No, you cannot. Always sort if you want to iterate in an ordered fashion.

Answer 4

I don't think so. You have to make use of collections.OrderedDict in order to ensure ordering. However, this will sort the entries in the order they were added.

Answer 5

Python dictionaries are not ordered in any meaningful way; they are hash tables.

Python comes with collections.OrderedDict, but this sorts in order of insertion, not order of key.

Here are two dictionary-like modules that sort by keys:

https://pypi.python.org/pypi/treap/

https://pypi.python.org/pypi/red-black-tree-mod/

Some say that treaps are faster on average than red-black trees but red-black trees have a lower standard deviation in operation times. Others question this, though in my tests the former proved true.

Both treaps and red-black trees do almost everything in O(logn) time, but keep their keys in order constantly. Python dictionaries are O(1) for most operations. However, getting all keys in order is O(n) for treaps and red-black trees, while it's O(nlogn) for dictionaries.

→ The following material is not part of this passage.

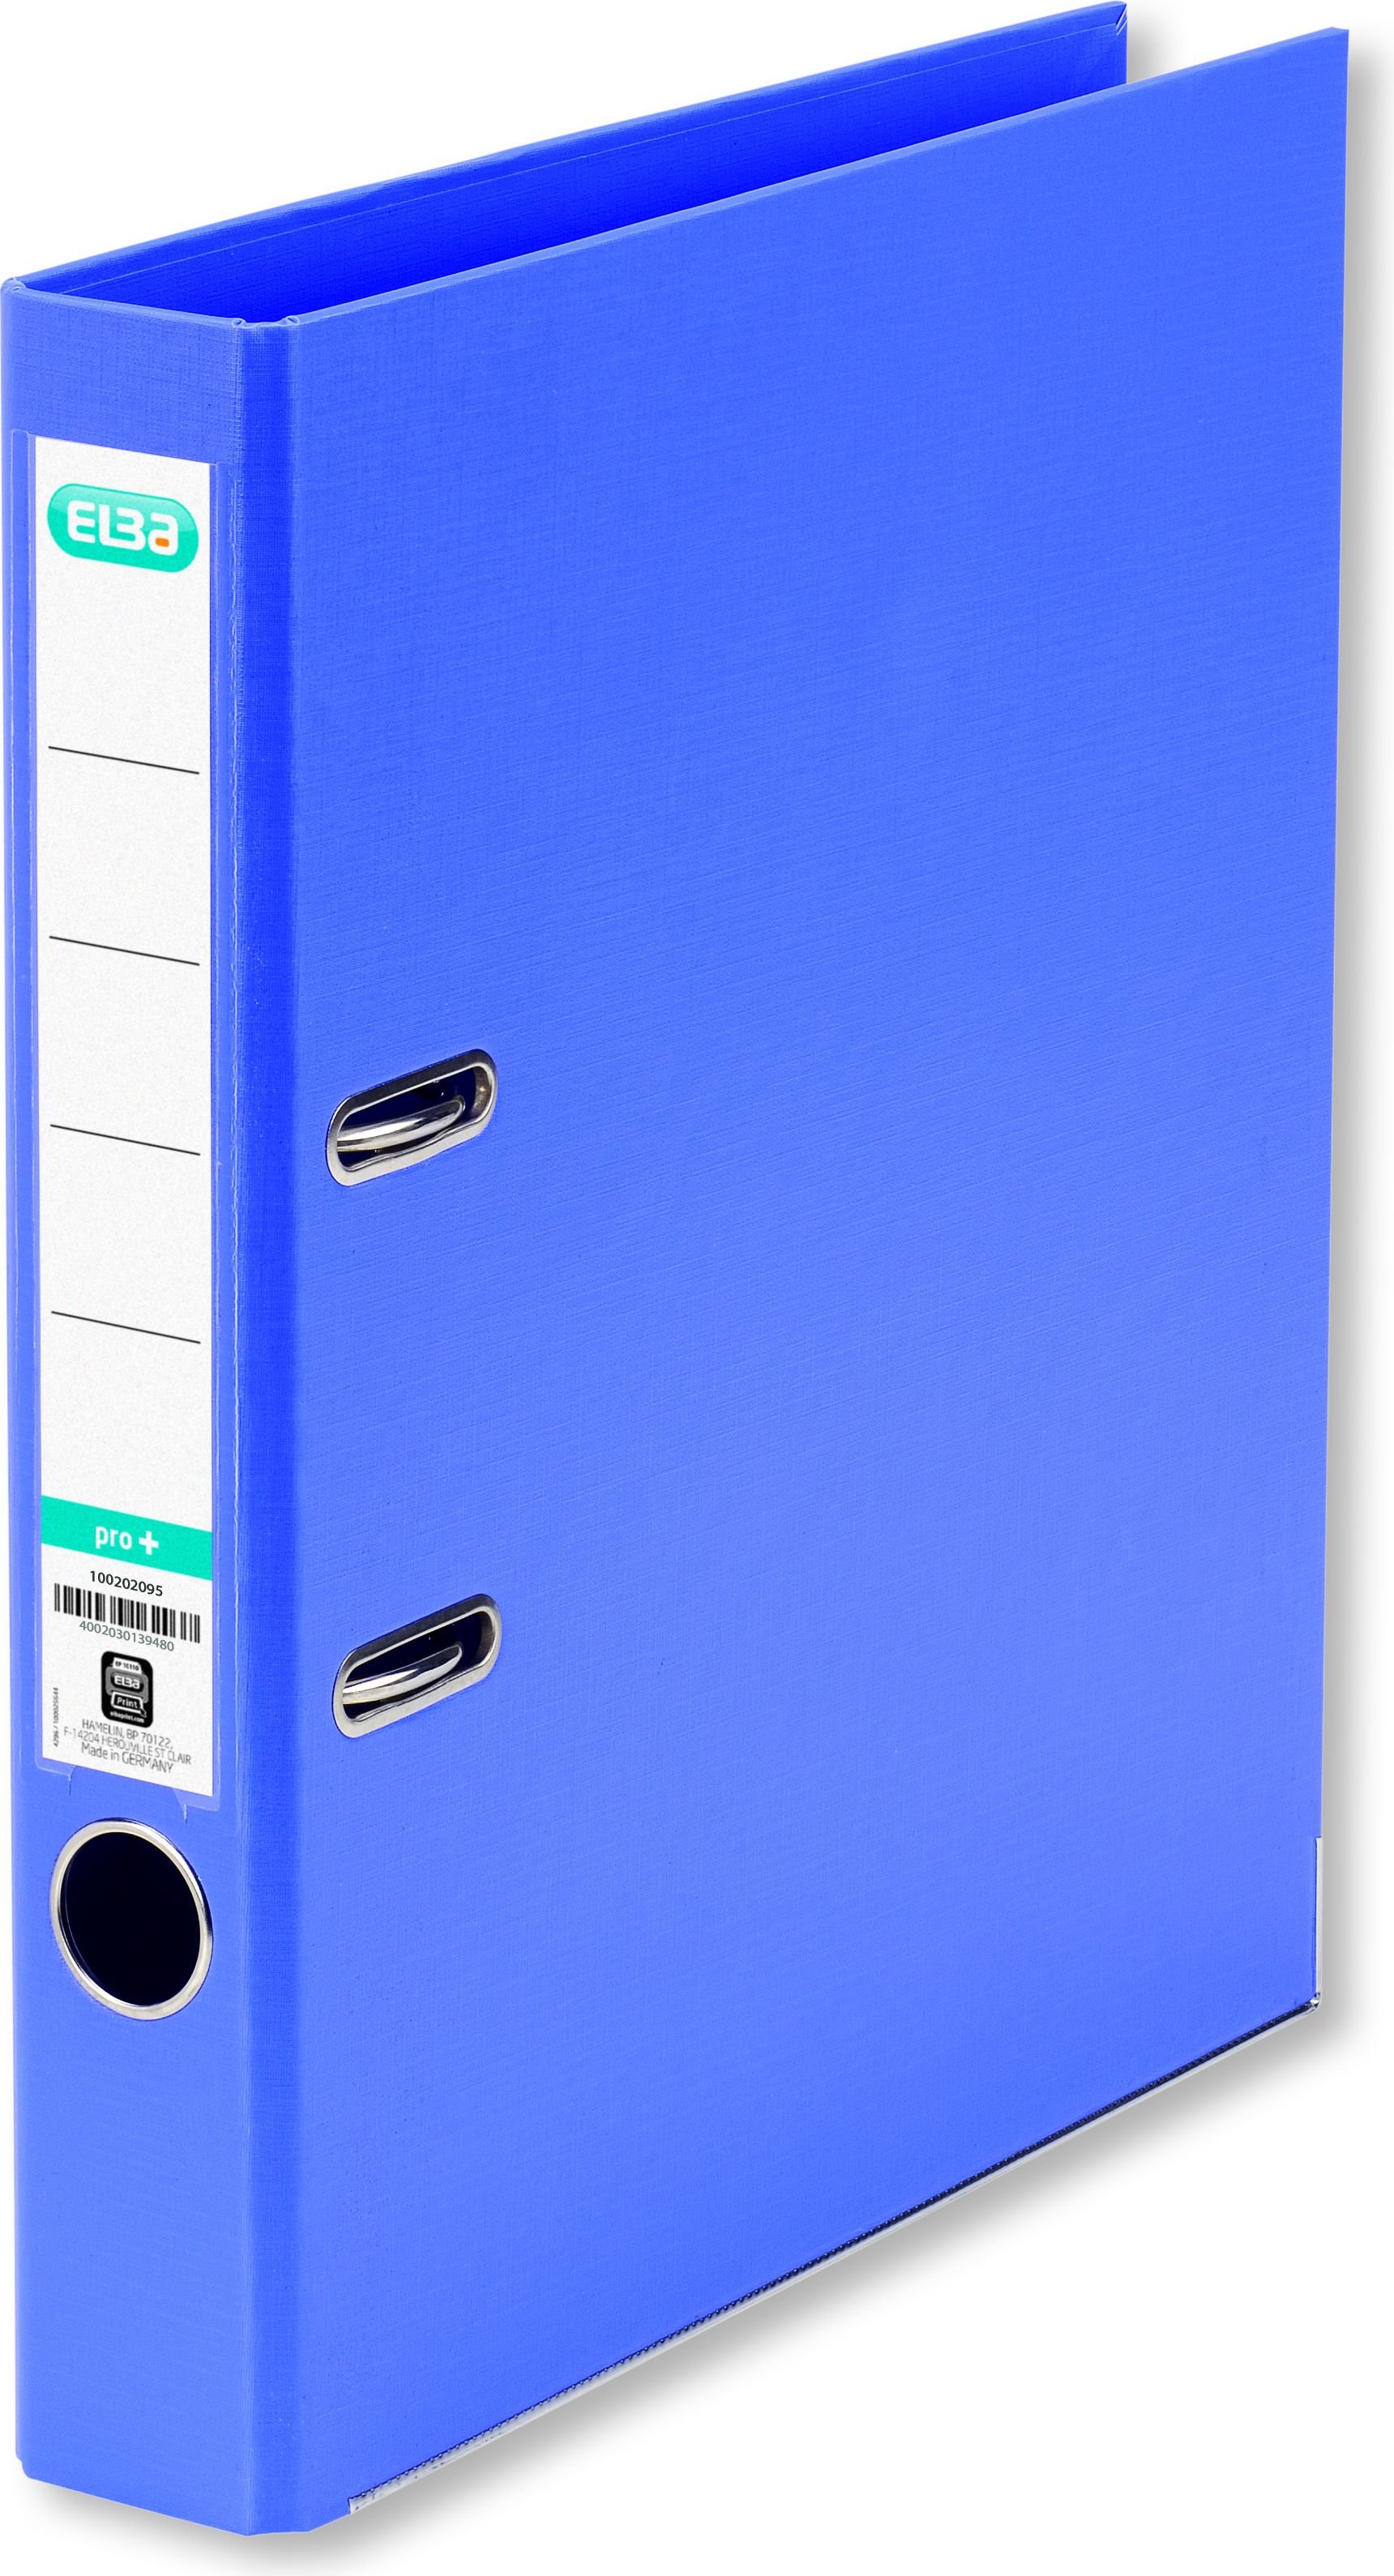 Binder Elba Pro + A4 coloana vertebrala albastru 50mm luminos

When should you use which?

1. If you're sorting in a loop, you're probably better off with a treap or red-black tree.
2. If you're sorting once at the end of your program or something, you're probably better off with list_ = list(dict_); list_.sort()
3. If you're preserving the order of your inputs, like from a config file or something, you're probably best off with OrderedDict.

HTH

Answer 6

I'm quite late to the party, but if, like me, you've stumbled upon this page via [your favorite search engine], I'd like to be the one to give you the good news:

While Python dicts will never be naturally sorted, it's trivial to use them as if they are. Assuming that your keys are, in fact, integers, simply pass your favorite dict, D, to the sorted built-in like so:

for index, item in sorted(D.items()):
    print("index:", index, "item:", item)

D.items() returns a class dict_items with an __iter__ method which, when called, as by the for or in statements, returns an iterator, yielding key-value pairs, which can be iterated over like any other iterable.

sorted takes the iterator and returns a list, so if D = {1: "alpha", 3: "charlie", 2: "bravo"}, then what is returned by sorted is the sorted list [(1, "alpha"), (2, "bravo"), (3, "charlie")].

It's also possible to sort by a specific element:

sorted(D.items(), key=lambda x: x[1])

Or by some other, arbitrary, even nondeterministic, sorting criterion:

sorted(D.items(), lambda _: random.randint(0, 100))

The construction of the list from the dict is an operation O(n) in time and space, and Python's sorting algorithm, Timsort, is very efficient (O(n log n) in the average case), so in the vast majority of real-world use cases, runtime performance isn't something worth worrying about.